The HSR reporting rules require that before certain transactions can close the antitrust enforcement agencies—the FTC and DOJ—must be notified and a 30-day waiting period must be observed.
In transactions likely to result in competitive harm, the agencies can investigate, which can further delay closing.
In the most extreme cases, the agencies can impose restrictions, order divestitures, or block a transaction from closing altogether. Therefore, any expansion in reporting requirements merits close attention.

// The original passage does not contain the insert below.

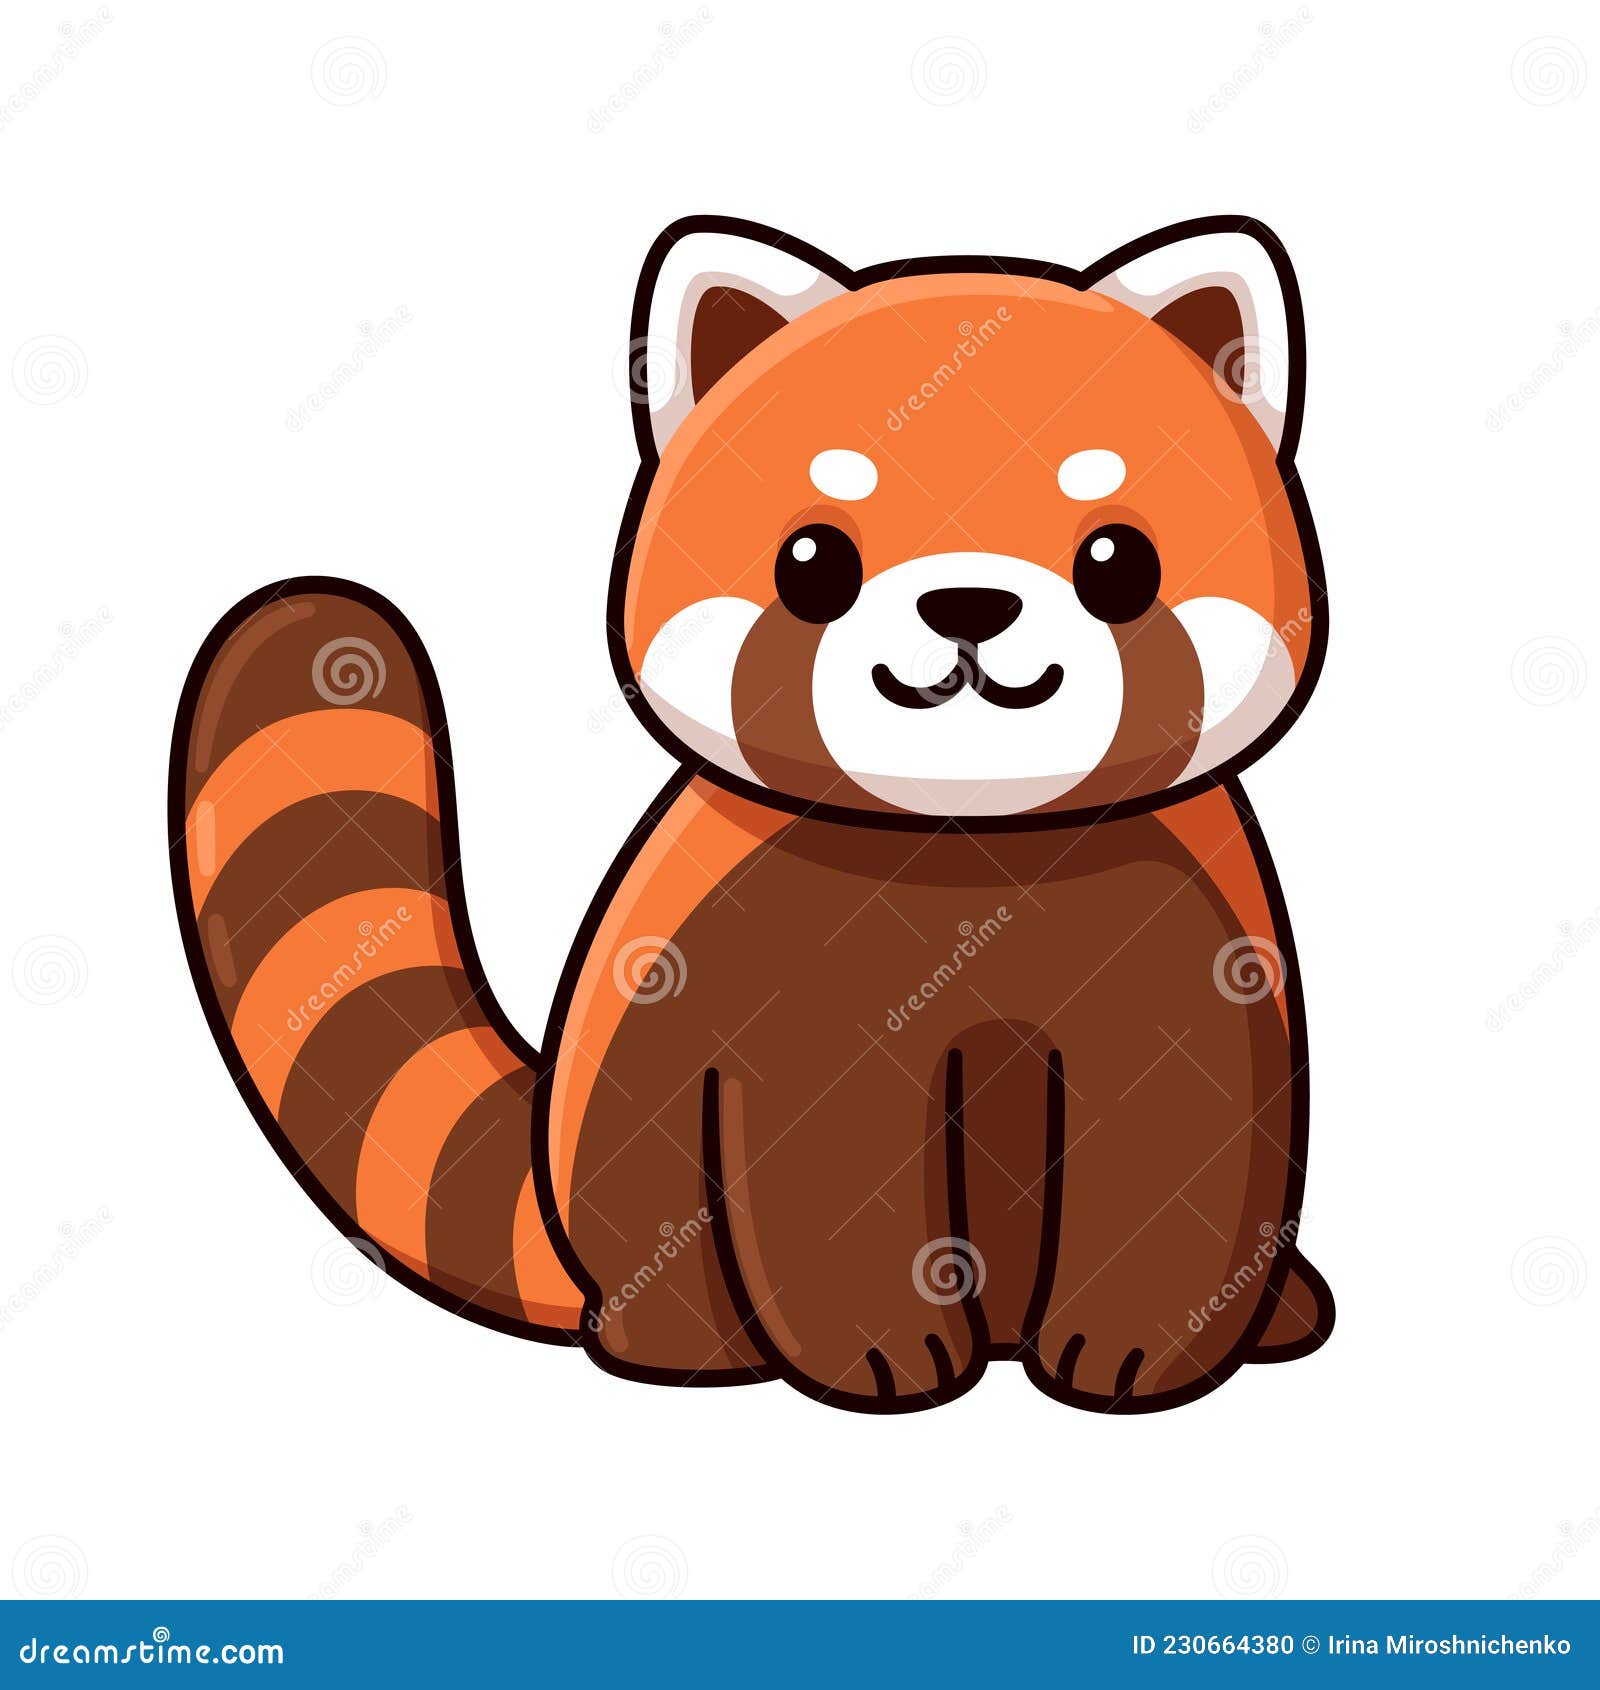 cute cartoon red panda

The basic threshold for HSR reporting, known as the “Size-of-Transaction”, presently is $78.2 million and adjusts annually. Size-of-Transaction is a bit of a misnomer though because as calculated under the HSR rules it does not always also reflect the transaction value the parties have agreed.
The rules provide that asset acquisitions include the value of prior asset acquisitions from the same seller in the prior six months and that asset acquisitions also include the value of assumed liabilities.
Prior acquisitions of stock, on the other hand, are always aggregated with new acquisitions of stock in the same company for determining the Size-of-Transaction, but valuing the stock in those transactions can be tricky.
The agency recently reversed its position with respect to Leveraged Buy-Out (“LBO”) transactions where new debt is taken on to finance the transaction. Prior guidance tied reportability in the LBO context to which party incurred the new debt.
Under the new guidance, however, the agency has squarely reversed its position—new debt used to finance an LBO transaction, whether taken on by the buyer or the target, is to be included in the size of transaction.
Thus, the Size-of-Transaction for stock deals under the new guidance will most closely align with the pre-transaction equity value of the company, rather than the company’s post-closing equity value.
The change will mean more transactions will be subject to HSR reporting, particularly in the private equity arena where debt financing is common.
As the new guidance is effective immediately, it will also mean transactions presently underway that would not have been subject to reporting under the prior guidance will now need to be reevaluated potentially resulting in additional costs and delaying closing.